Ekonomiści: Trzeba złagodzić kryterium kursowy by Polska przyjęła euro
- Autor: PAP
- Data: 24-05-2014, 15:38
ERM-II to tzw. przedsionek euro - dwuletni okres, podczas którego waluta pretendująca do euro musi być stabilna. Wahania jej kursu nie mogą przekraczać 15 proc. od ustalonej wartości referencyjnej.
Przed ryzykami związanymi z wprowadzeniem złotego do mechanizmu ERM-II ostrzegał ostatnio wielokrotnie prezes NBP Marek Belka. Jego zdaniem złotemu i polskiej gospodarce wiązanie złotego z euro na dwa lata nie jest potrzebne - mogłoby to grozić istotnym umocnieniem złotego. Byłoby to zabójcze dla konkurencyjności polskiej gospodarki opartej na niskich kosztach.
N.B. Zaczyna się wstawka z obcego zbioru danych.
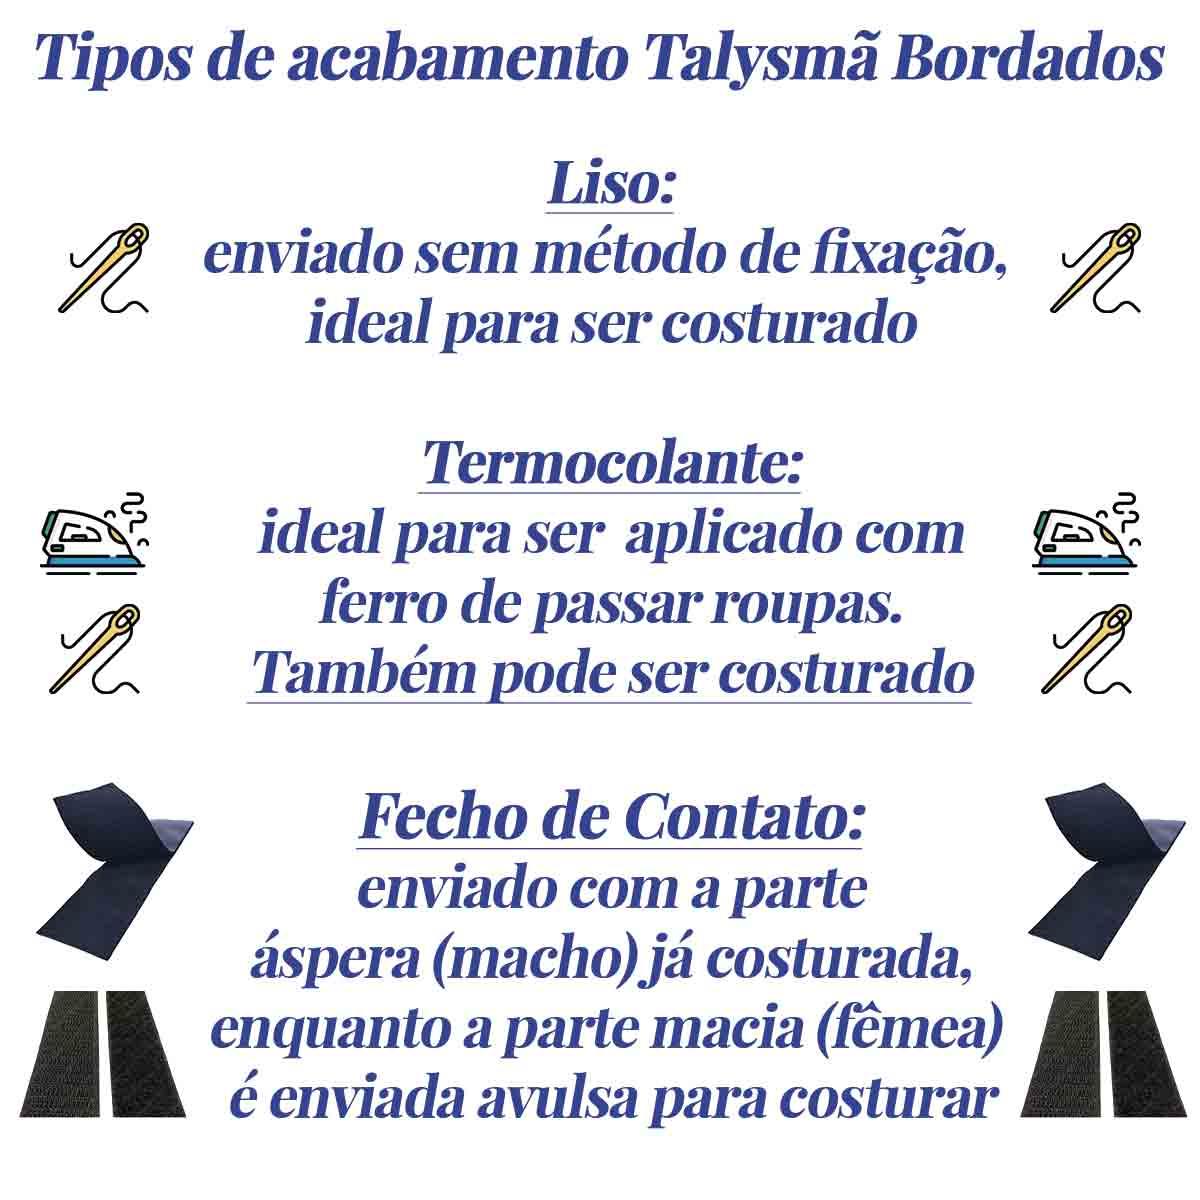 Patch Bordado - Bandeira Brasil BD50015-34G  - Talysmã Bordados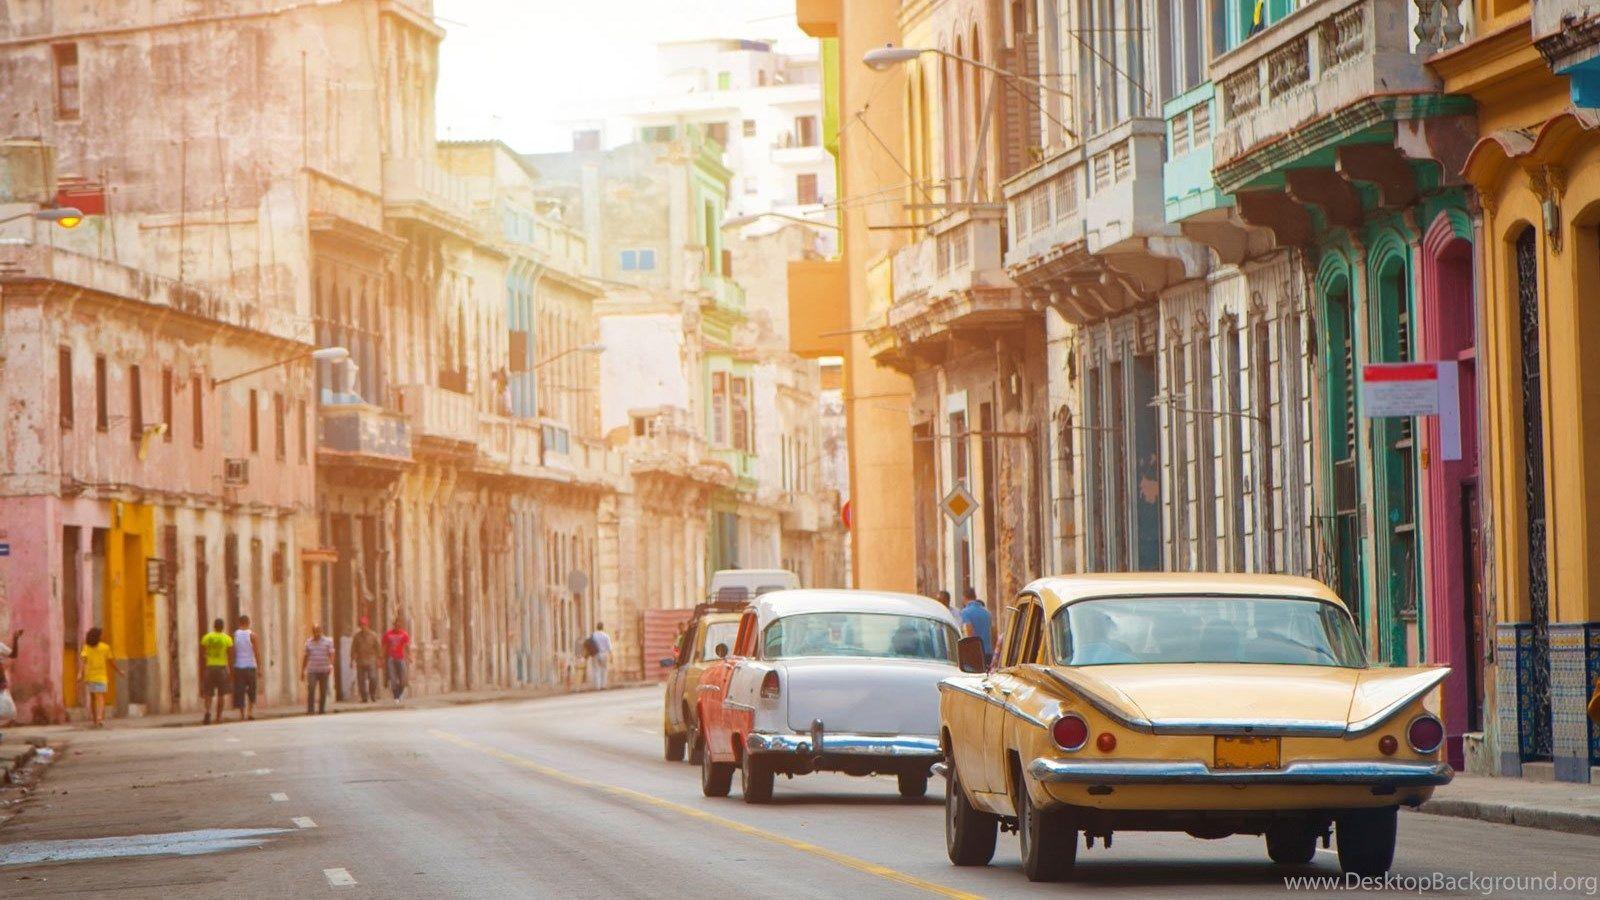 Cuba Wallpapers Top Free Cuba Backgrounds Wallpaperaccess

Doświadczyła tego np. słowacka korona. "Polska gospodarka ma przed sobą długą drogę, zanim stanie się idealnym członkiem unii walutowej" - mówił w ubiegłym tygodniu w Londynie prezes NBP.
Główny ekonomista banku Societe Generale Jarosław Janecki przyznał, że Polska może mieć problem ze stabilizacją kursu w ERM II, a ryzyko to dotyczy zwłaszcza umocnienia naszej waluty. "Wtedy tracimy jeden z podstawowych czynników konkurencyjnych" - ocenił Janecki.
Jego zdaniem jest jednak pole do negocjacji w sprawie zasad ERM II. Janecki uważa, że można się zastanowić, czy przy ocenie stabilności kursu nie powinny być brane pod uwagę wahania wynikające z sytuacji rynkowych. "Najprostszym rozwiązaniem, które można by było negocjować, to - przy założeniu, że spełnimy wszystkie kryteria przyjęcia euro - możliwość wykazania ex post, że nasz kurs walutowy przez określony czas był stabilny" - powiedział Janecki. Dzięki temu Polska, nie ogłaszając wejścia do ERM-II mogłaby udowodnić, że spełniła kryterium kursowe.
Według Janeckiego najlepiej byłoby odrzucić kryterium stabilności walutowej, jednak wówczas Polska mogłaby być w strefie euro traktowana jako kraju drugiej kategorii. "Rozmowa o kryterium kursowym jest konieczna. Nie możemy tego odkładać, bowiem proces negocjacyjny jest długi, wymaga zgody wszystkich krajów strefy euro i ECB. Odkładanie tego do roku np. 2018-2019 byłoby nieporozumieniem" - ocenił ekonomista.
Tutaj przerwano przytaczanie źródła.